Correlation Between Numeric Varibales
```{r}
numeric.var <- sapply(diabetes, is.numeric)
corr.matrix <- cor(diabetes[,numeric.var])
corrplot(corr.matrix, main="\n\nCorrelation Plot for Numerical Variables", order = "hclust", tl.col = "black", tl.srt=45, tl.cex=0.5, cl.cex=0.5)
```
The numeric variabls are almost not correlated.
Correlation bewteen numeric variables and outcome.
```{r}
attach(diabetes)
par(mfrow=c(2,4))
boxplot(Pregnancies~Outcome, main="No. of Pregnancies vs. Diabetes",
xlab="Outcome", ylab="Pregnancies")
boxplot(Glucose~Outcome, main="Glucose vs. Diabetes",
xlab="Outcome", ylab="Glucose")
boxplot(BloodPressure~Outcome, main="Blood Pressure vs. Diabetes",
xlab="Outcome", ylab="Blood Pressure")
boxplot(SkinThickness~Outcome, main="Skin Thickness vs. Diabetes",
xlab="Outcome", ylab="Skin Thickness")
boxplot(Insulin~Outcome, main="Insulin vs. Diabetes",
xlab="Outcome", ylab="Insulin")
boxplot(BMI~Outcome, main="BMI vs. Diabetes",
xlab="Outcome", ylab="BMI")
boxplot(DiabetesPedigreeFunction~Outcome, main="Diabetes Pedigree Function vs. Diabetes", xlab="Outcome", ylab="DiabetesPedigreeFunction")
boxplot(Age~Outcome, main="Age vs. Diabetes",
xlab="Outcome", ylab="Age")
```
Blood pressure and skin thickness show little variation with diabetes, they will be excluded from the model. Other variables show more or less correlation with diabetes, so will be kept.
### Logistic Regression
```{r}
diabetes$BloodPressure <- NULL
diabetes$SkinThickness <- NULL
train <- diabetes[1:540,]
test <- diabetes[541:768,]
model <-glm(Outcome ~.,family=binomial(link='logit'),data=train)
summary(model)
```
The top three most relevant features are "Glucose", "BMI" and "Number of times pregnant" because of the low p-values.

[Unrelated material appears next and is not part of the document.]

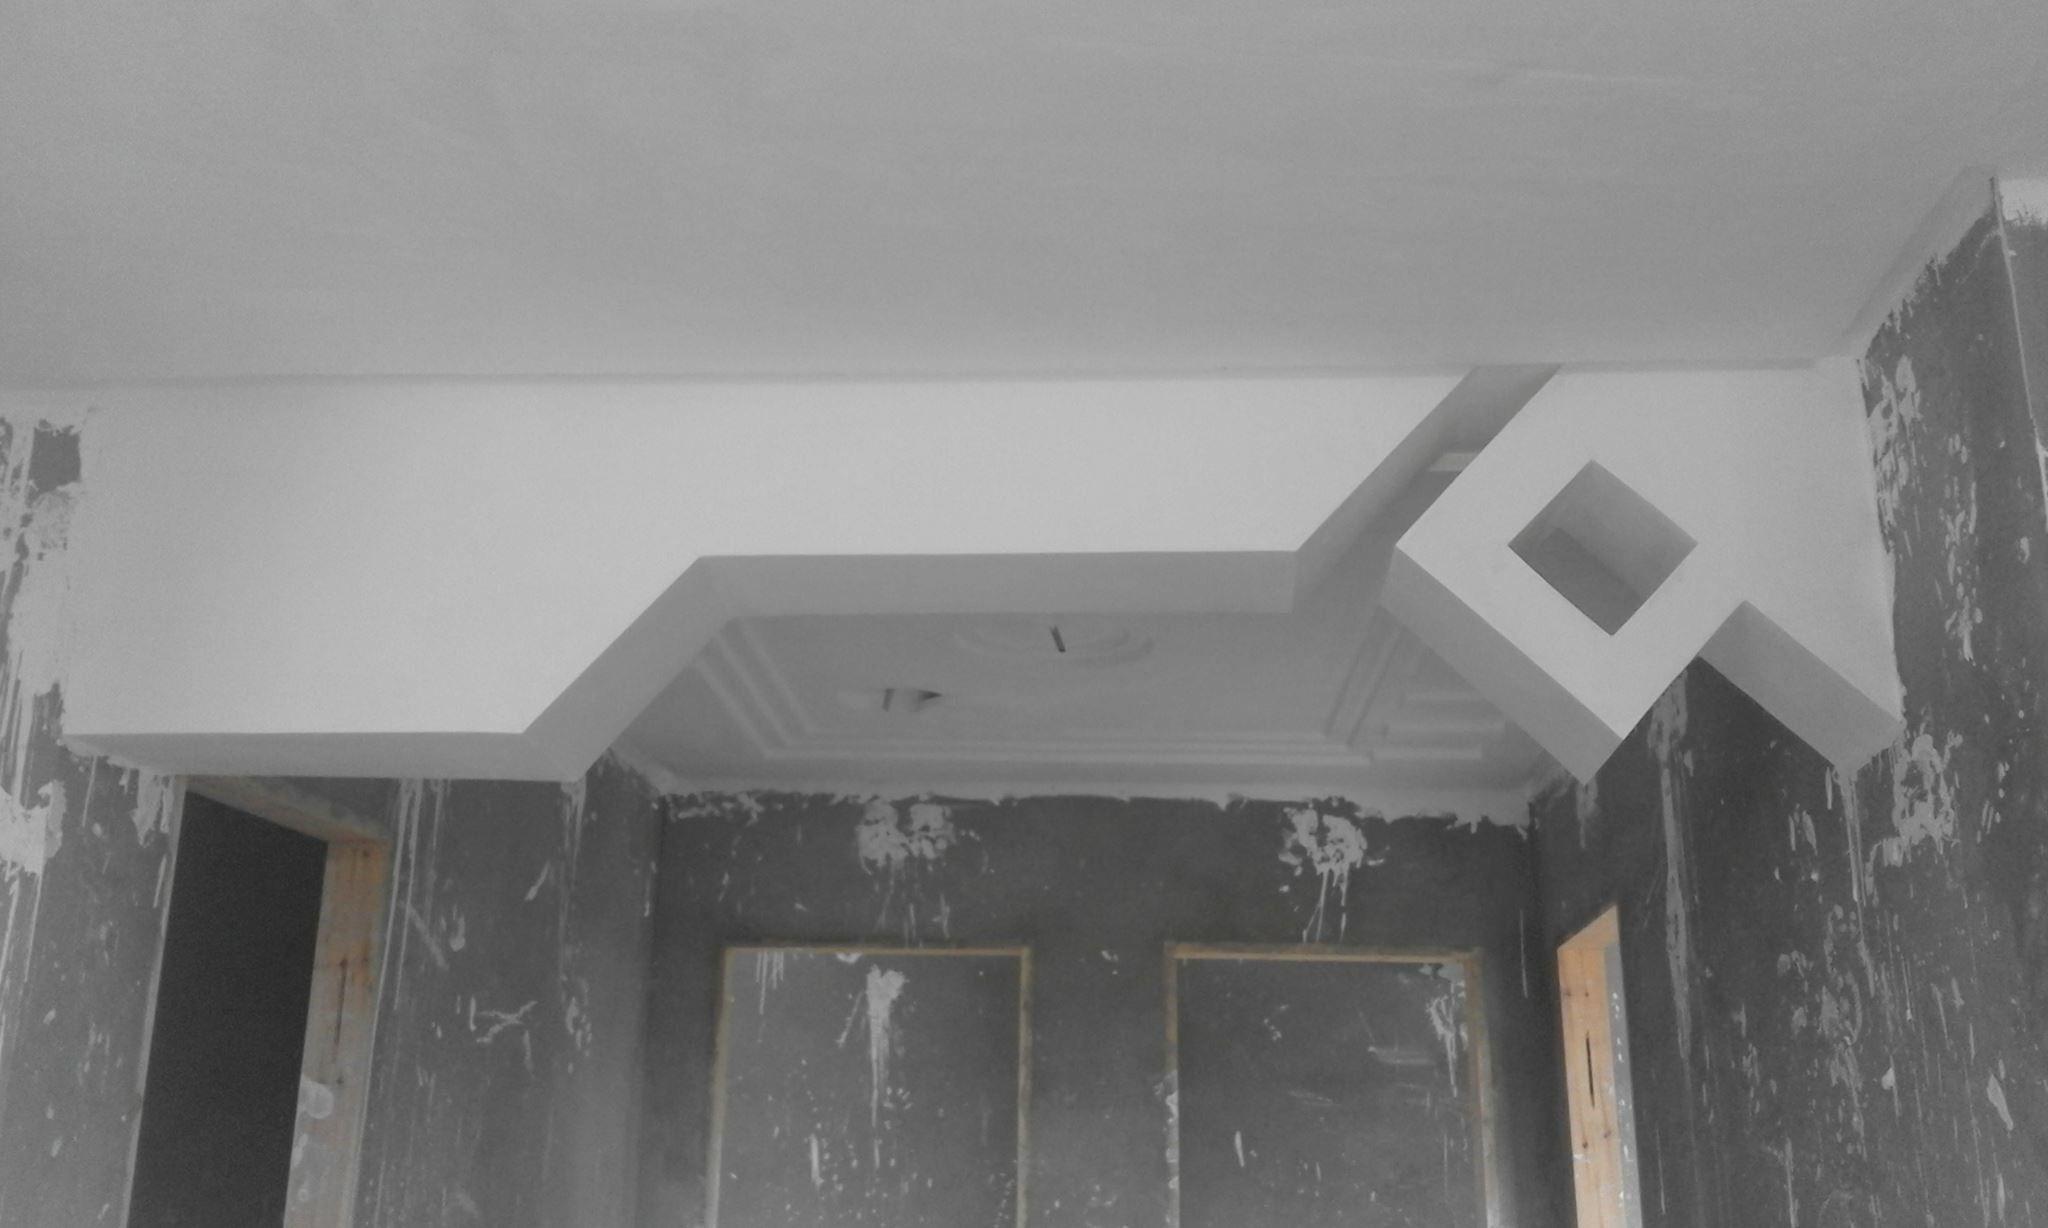 Pin by نبيل لديكور on جبس | Pop false ceiling design ...

"Insulin" and "Age" appear not statistically significant.
```{r}
anova(model, test="Chisq")
```
From the table of deviance, we can see that adding insulin and age have little effect on the residual deviance.
### Cross Validation
```{r}
fitted.results <- predict(model,newdata=test,type='response')
fitted.results <- ifelse(fitted.results > 0.5,1,0)
misClasificError <- mean(fitted.results != test$Outcome)
print(paste('Accuracy',1-misClasificError))
```
### Decision Tree
```{r}
library(rpart)
model2 <- rpart(Outcome ~ Pregnancies + Glucose + BMI + DiabetesPedigreeFunction, data=train,method="class")
```
```{r}
plot(model2, uniform=TRUE,
main="Classification Tree for Diabetes")
text(model2, use.n=TRUE, all=TRUE, cex=.8)
```
This means if a person's BMI less than 45.4 and her diabetes digree function less than 0.8745, then she is more likely to have diabetes.
Confusion table and accuracy
```{r}
treePred <- predict(model2, test, type = 'class')
table(treePred, test$Outcome)
mean(treePred==test$Outcome)
```
In this project, I compared the performance of Logistic Regression and Decision Tree algorithms and found that Logistic Regression performed better on this standard, unaltered dataset. However, there are things we can do to improve the generalization performance in decision tree induction such as pruning. I will perform that in the future posts.